__Your task__
Where a picture appears, leave it out, and transcribe all the lines below exactly.

__Given data__
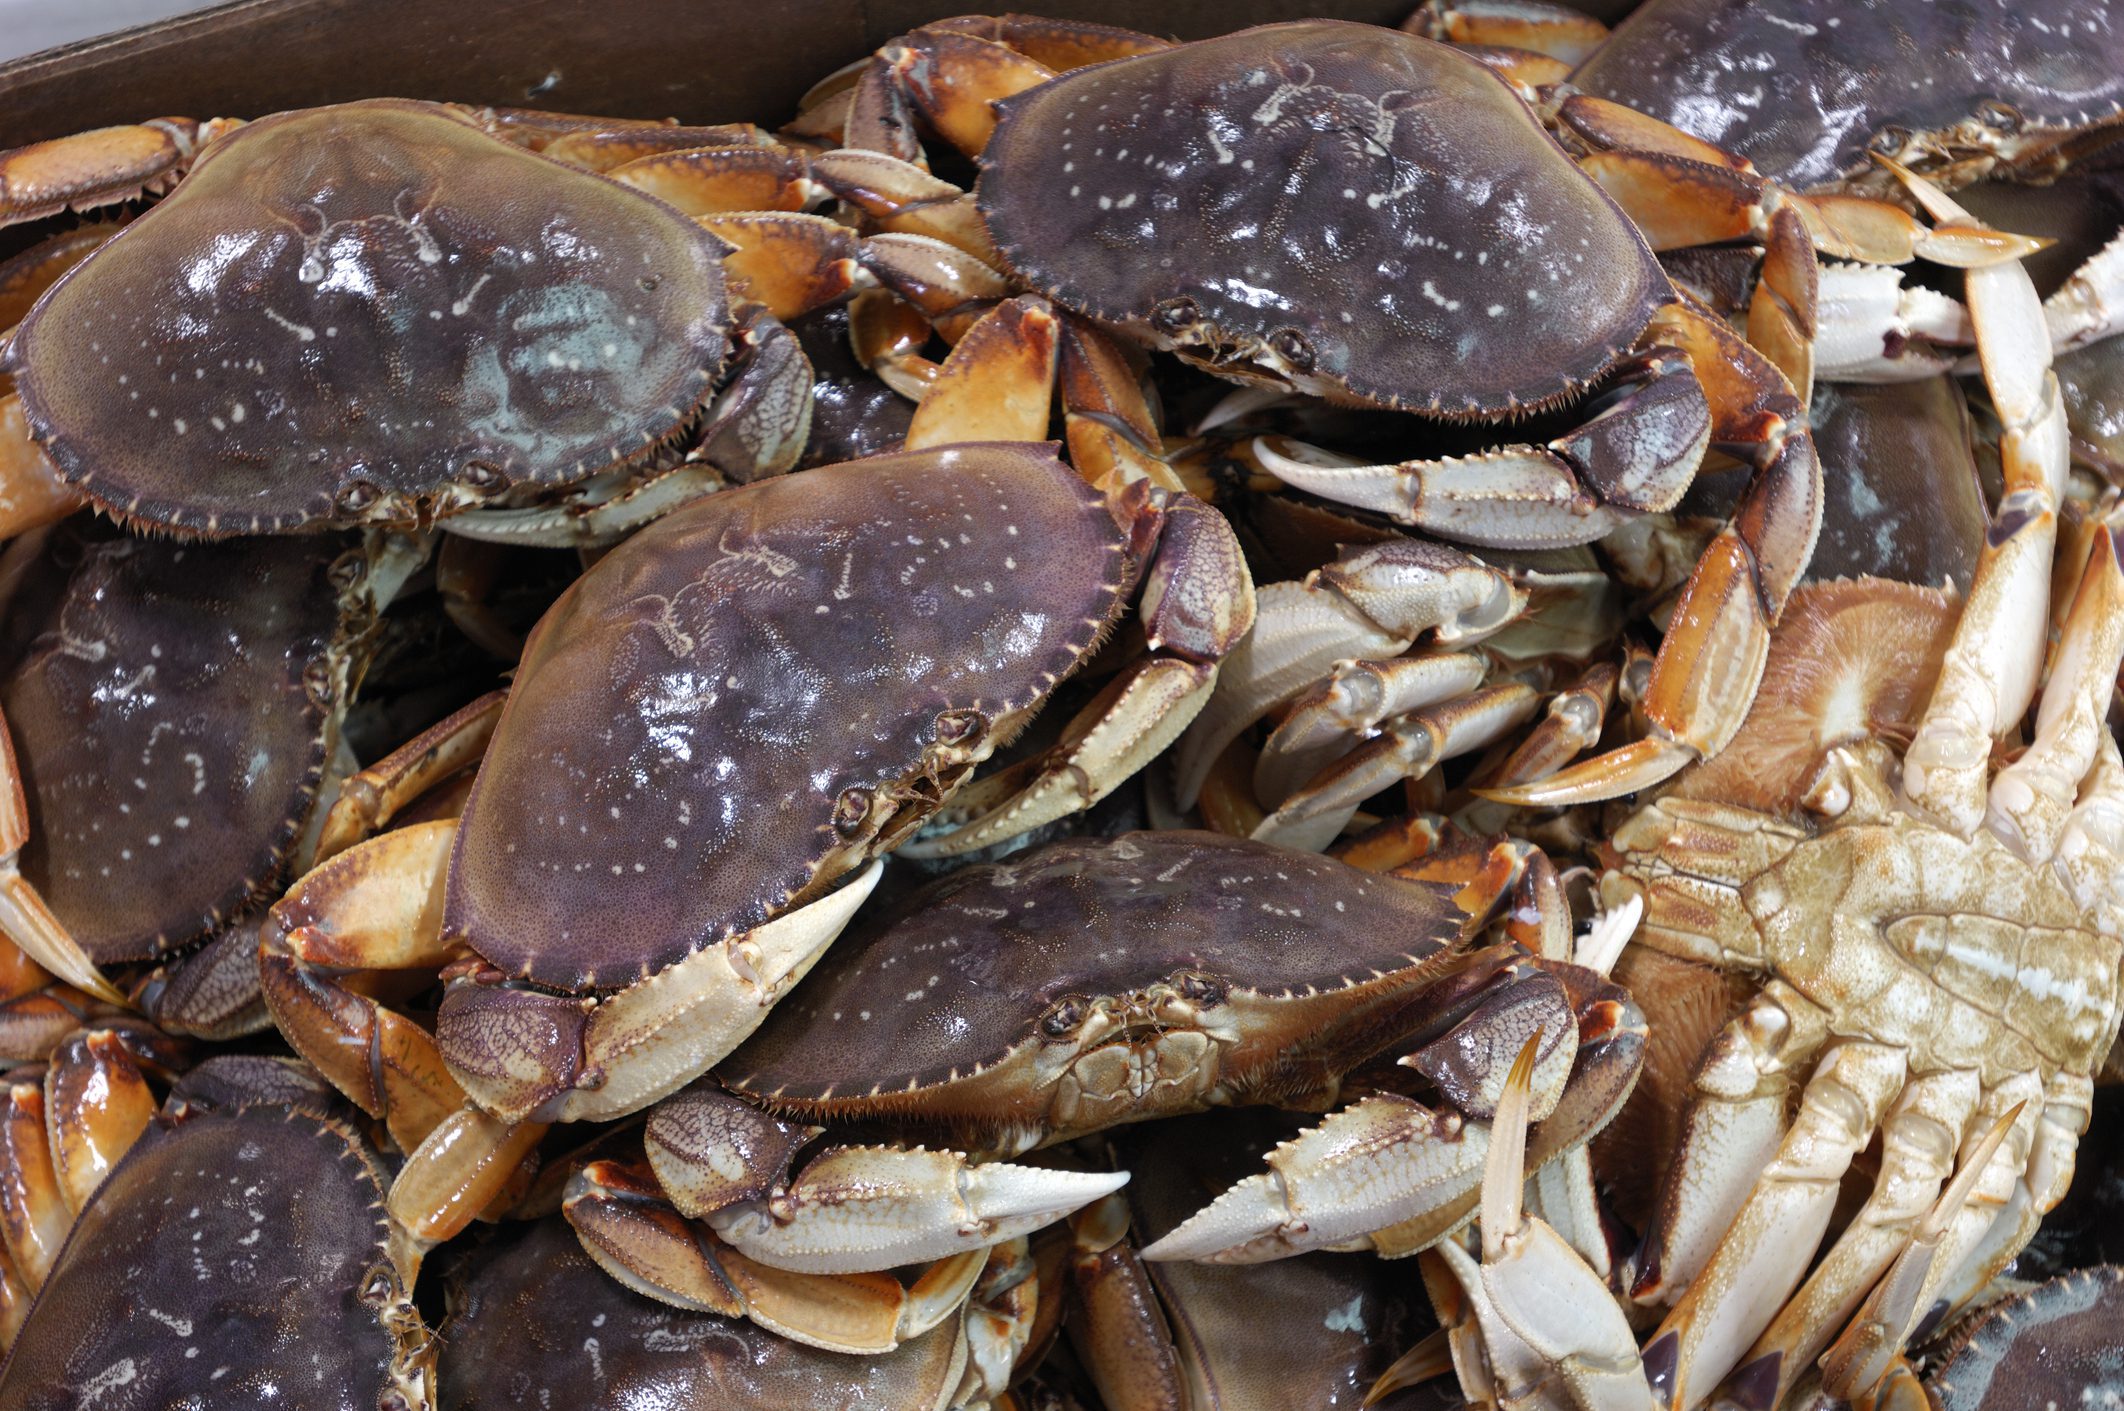 Ocean acidification impacts Dungeness crab shells
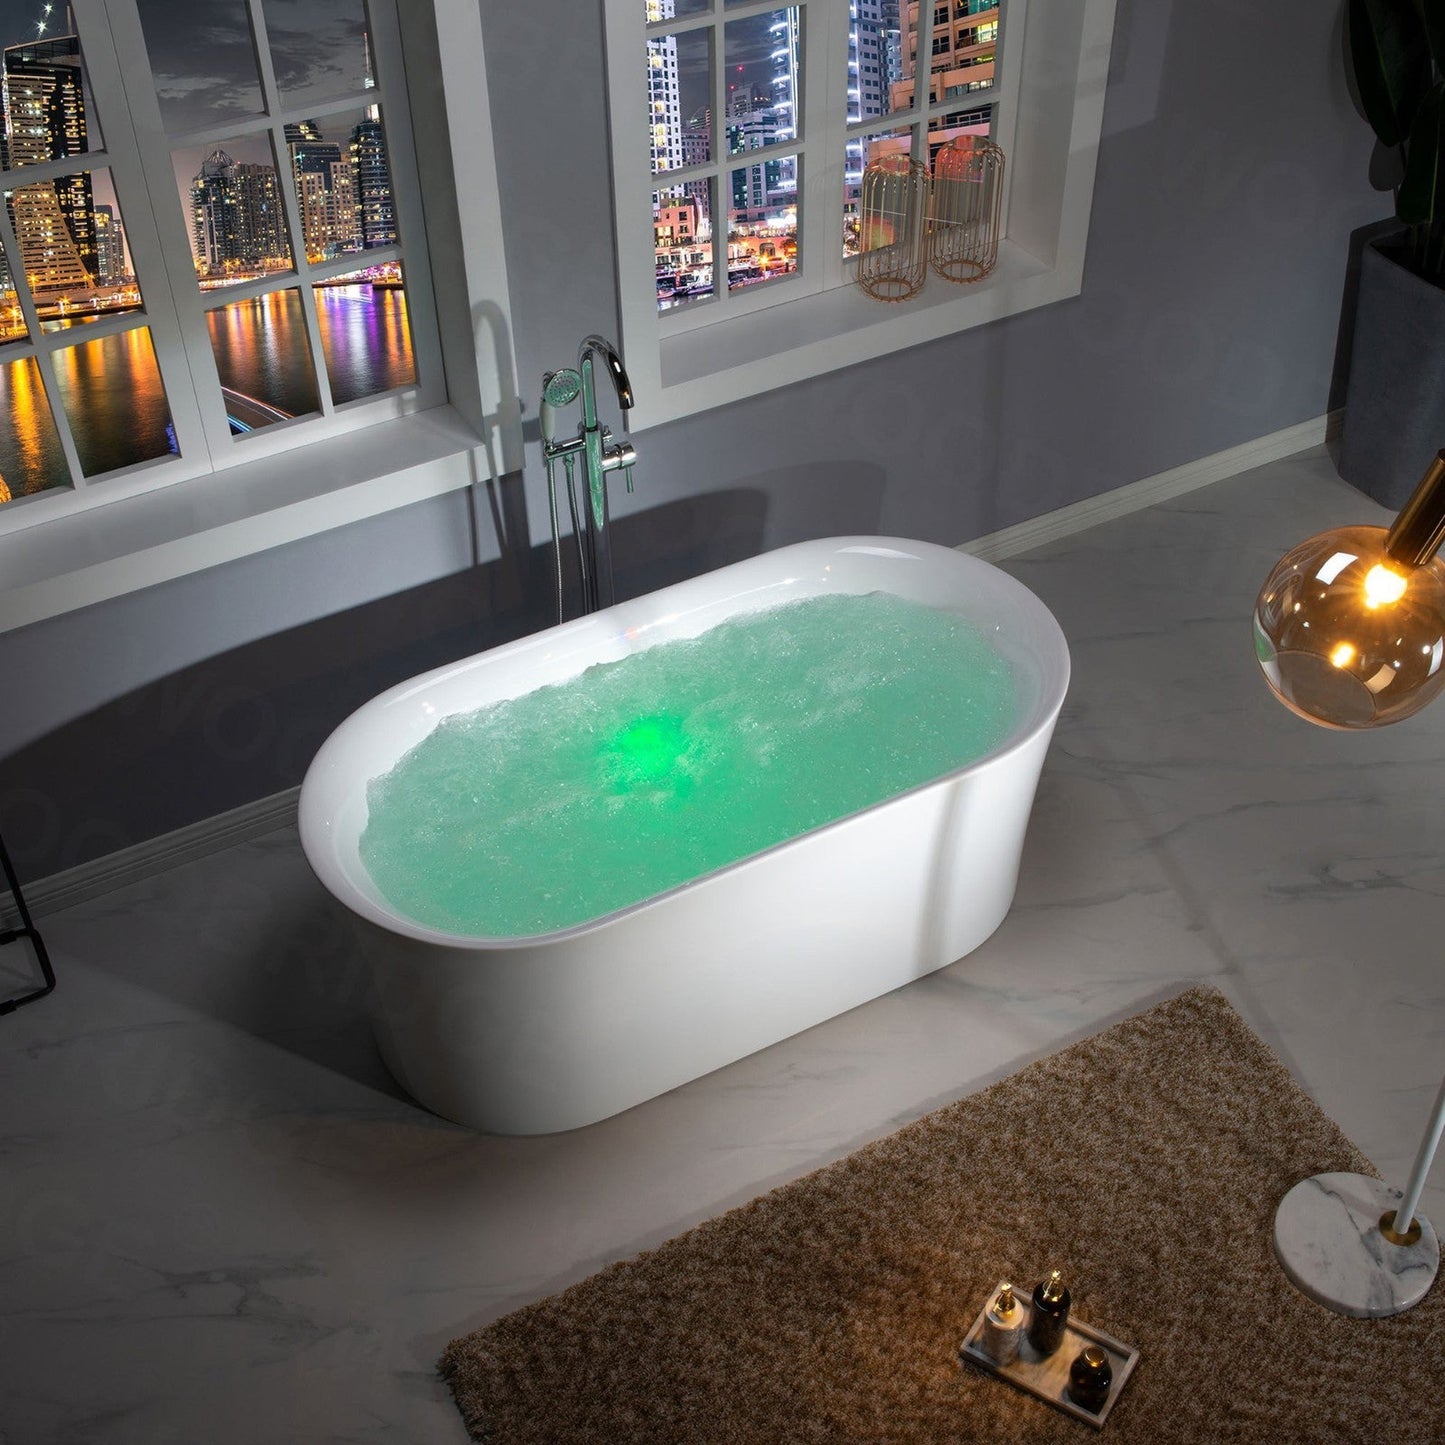 WoodBridge 67" White Acrylic Freestanding Air Bubble Soaking Bathtub With Brushed Nickel Overflow and Drain Finish
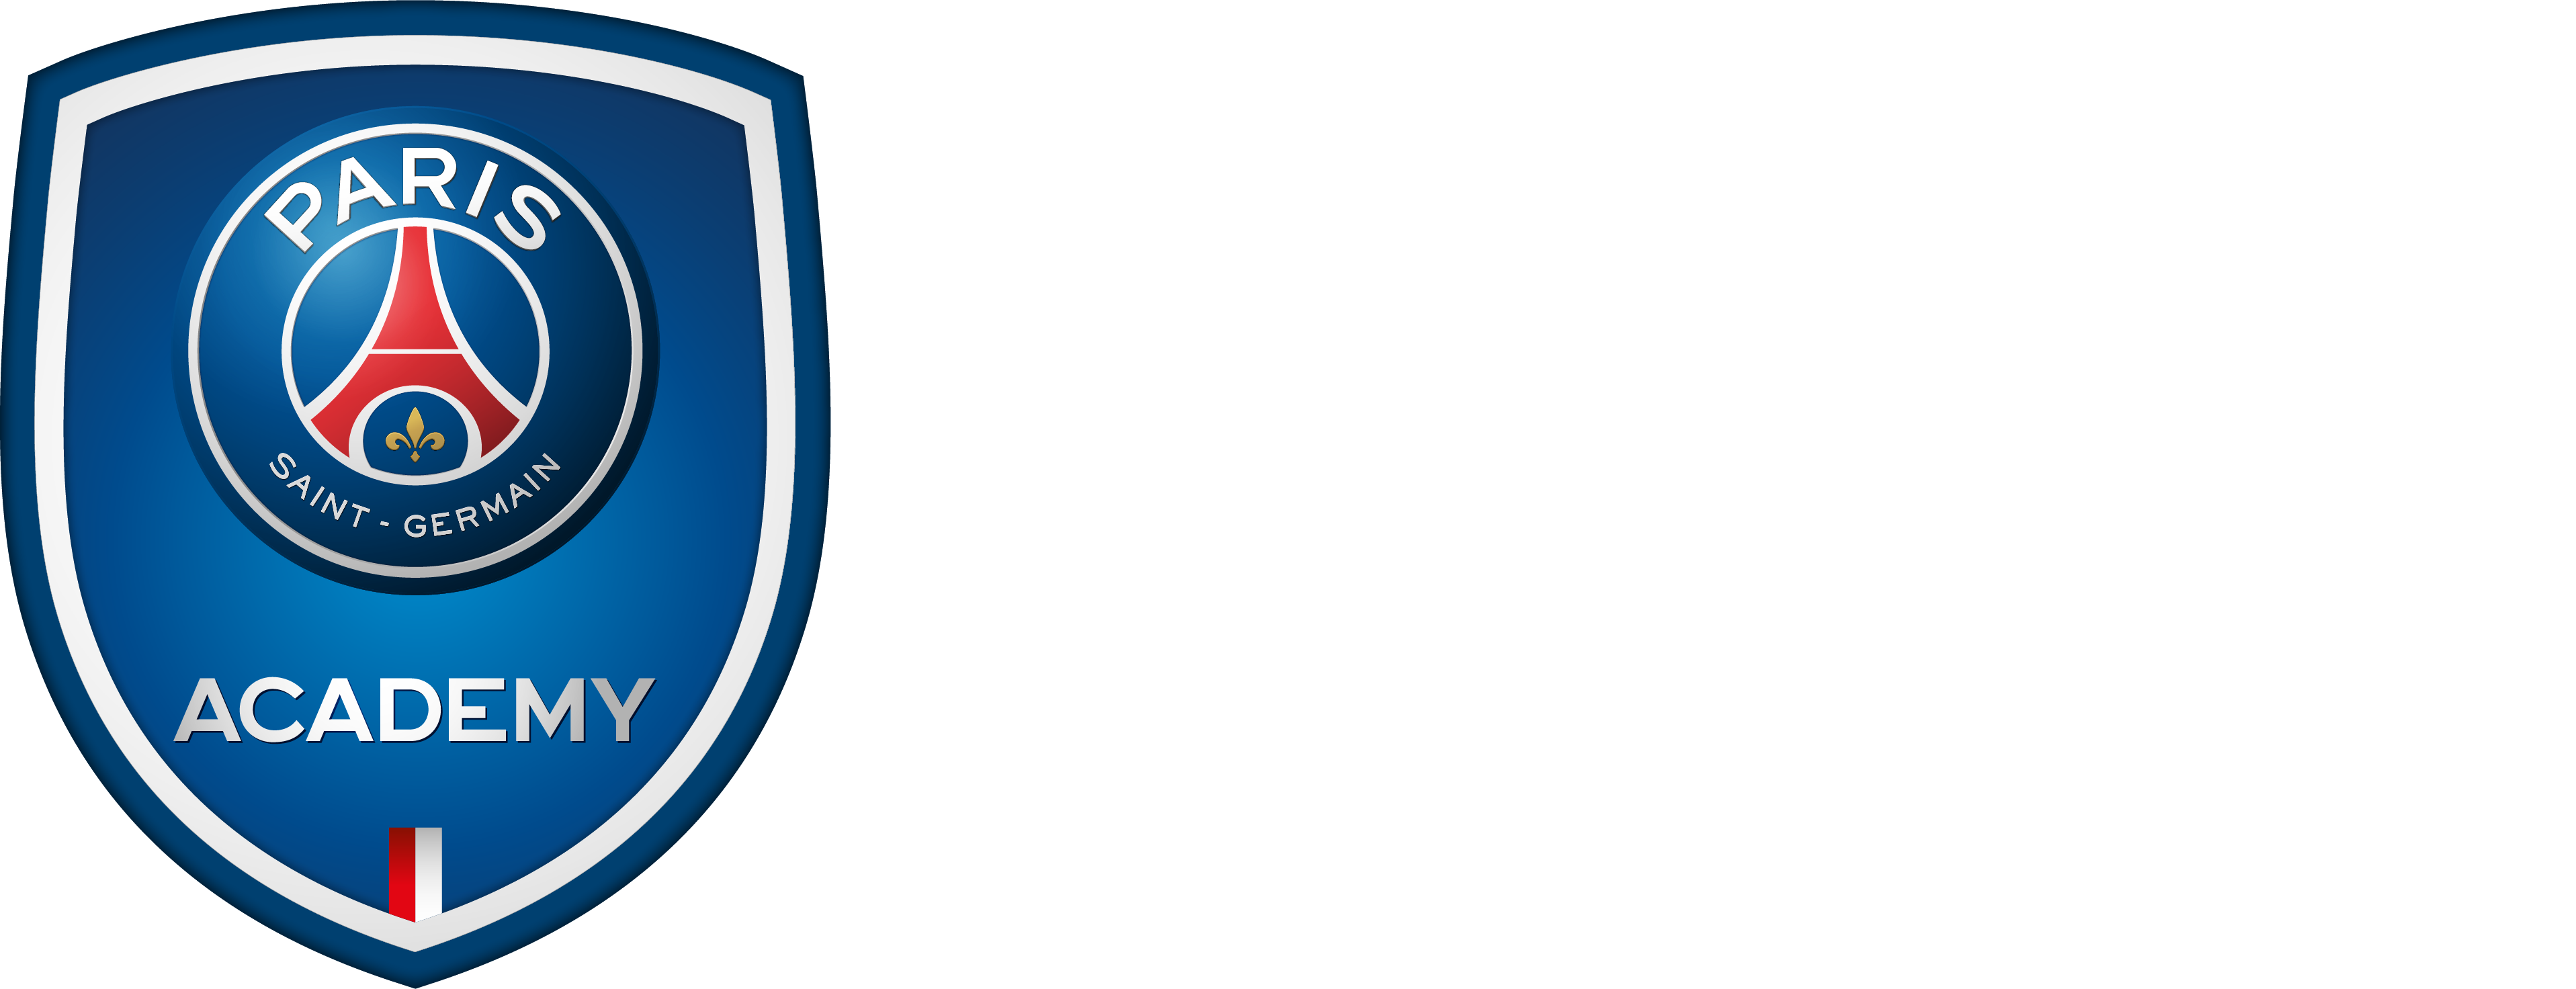 Psg Academy : Paris Saint Germain Open First Academy In ...

__Task answer__
 Ocean acidification impacts Dungeness crab shells
 WoodBridge 67" White Acrylic Freestanding Air Bubble Soaking Bathtub With Brushed Nickel Overflow and Drain Finish
 Psg Academy : Paris Saint Germain Open First Academy In ...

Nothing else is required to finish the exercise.